Answer
a. $t=6.25$ sec.
b. down $6.25\lt t\leq 12.5$ sec, up $0\leq t\lt 6.25$ sec,
c. $t=6.25$ sec.
d. speed up $6.25\lt t\leq 12.5$ sec, slows down $0\leq t\lt 6.25$ sec,
e. 200ft/s, $t=0, 12.5$ sec, v=0 $t=6.25$ sec.
f. 625ft at $t=6.25$ sec.
Work Step by Step
Given $s=200t-16t^2$ ft, we have $v=200-32t$ ft/s, $a=-32ft/s^2$ (negative means downward), where $0\leq t \leq 12.5$, and we can graph the functions as shown in the figure.

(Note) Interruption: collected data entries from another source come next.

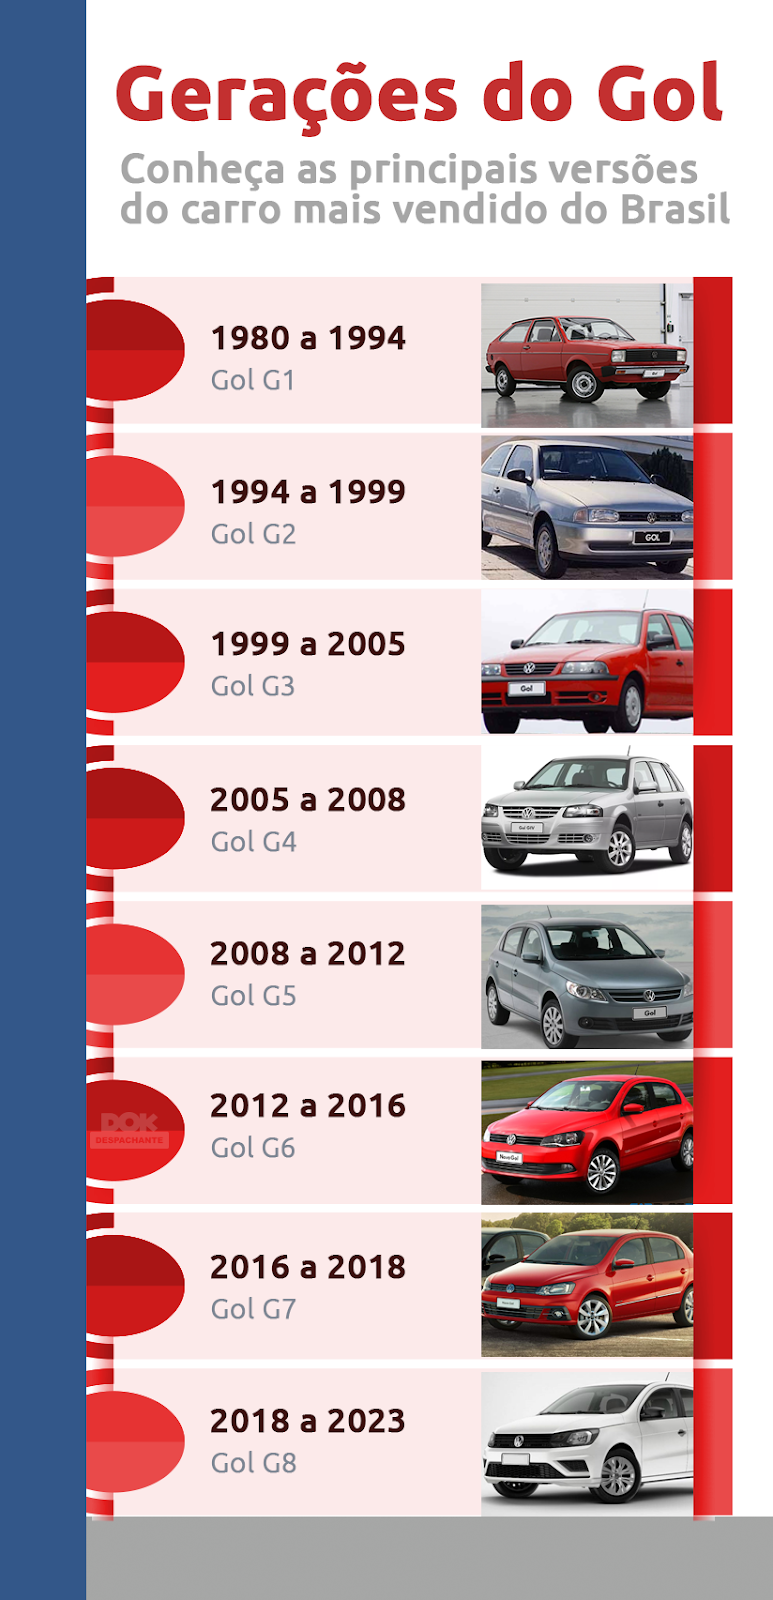 Especial Gol sai de linha:
Infográfico - Gerações do Volkswagen Gol
- G1 de 1980 a 1994
- G2 de 1994 a 1999
- G3 de 1999 a 2005
- G4 de 2005 a 2008
- G5 de 2008 a 2012
- G6 de 2012 a 2016
- G7 de 2016 a 2018
- G8 de 2018 a 2023
| DOK Despachante

a. The object will be momentarily at rest when its velocity is zero. With $v(t)=0$, we have $t=6.25$ sec.
b. It moves down during $6.25\lt t\leq 12.5$ sec, and it moves up during $0\leq t\lt 6.25$ sec,
c. It changes direction when its velocity crosses with the x-axis, so we have $t=6.25$ sec.

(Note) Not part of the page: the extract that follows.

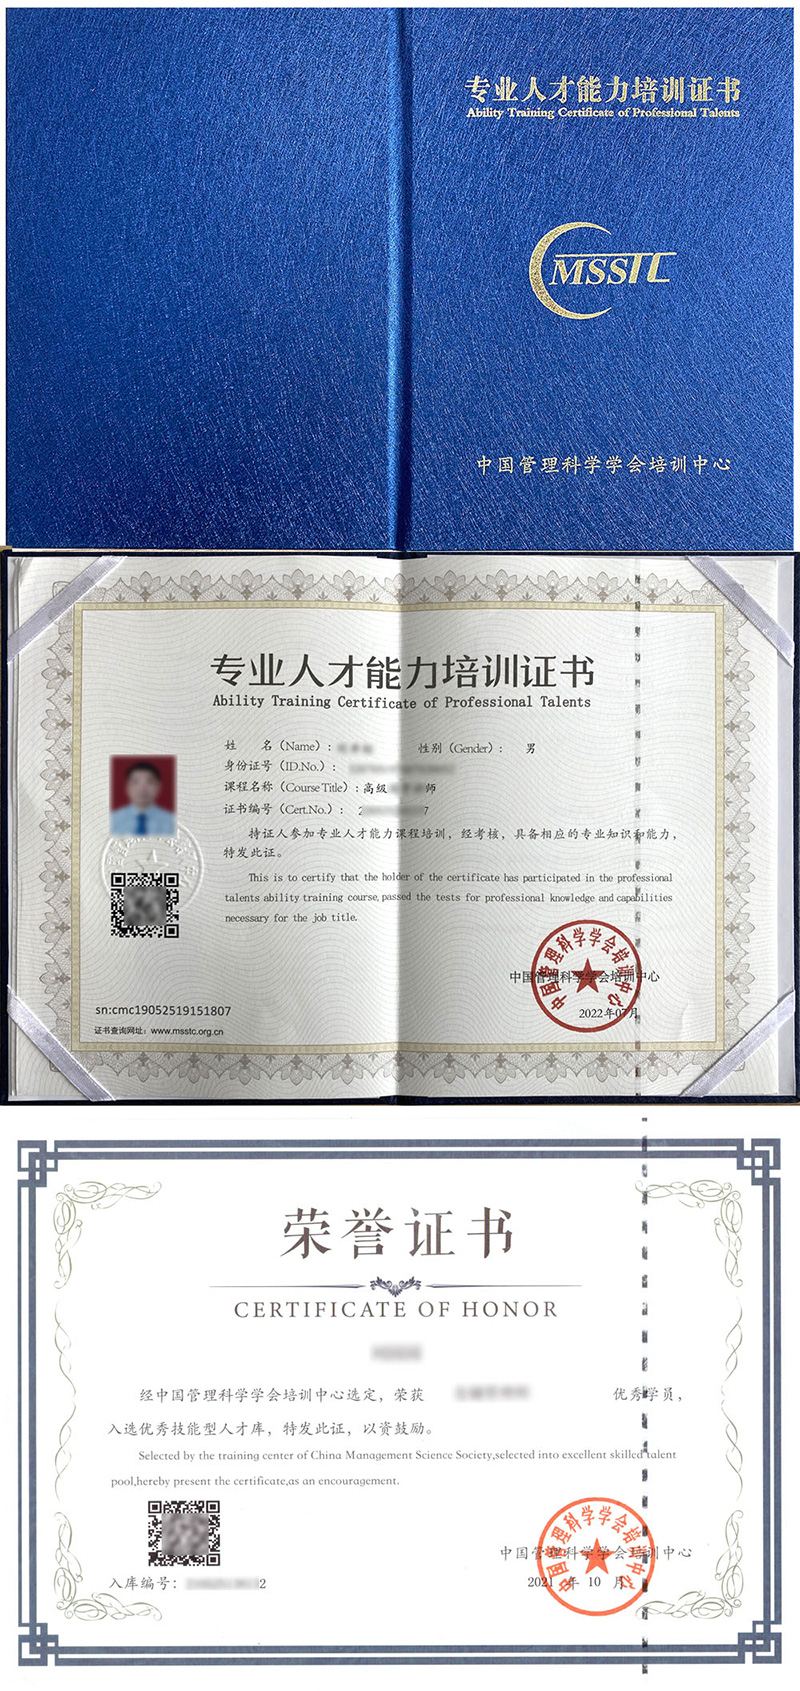 中国管理科学学会培训中心 专业人才能力培训证书 二手房估价师证证书样本

d. It speeds up during fall down $6.25\lt t\leq 12.5$ sec, and it slows down during moving up $0\leq t\lt 6.25$ sec,
e.It is moving fastest (highest speed 200ft/s) at the beginning and at the end $t=0, 12.5$ sec, and it is moving slowest (v=0) at the highest point $t=6.25$ sec.
f. It is farthest from the axis origin at the highest point of 625ft at $t=6.25$ sec.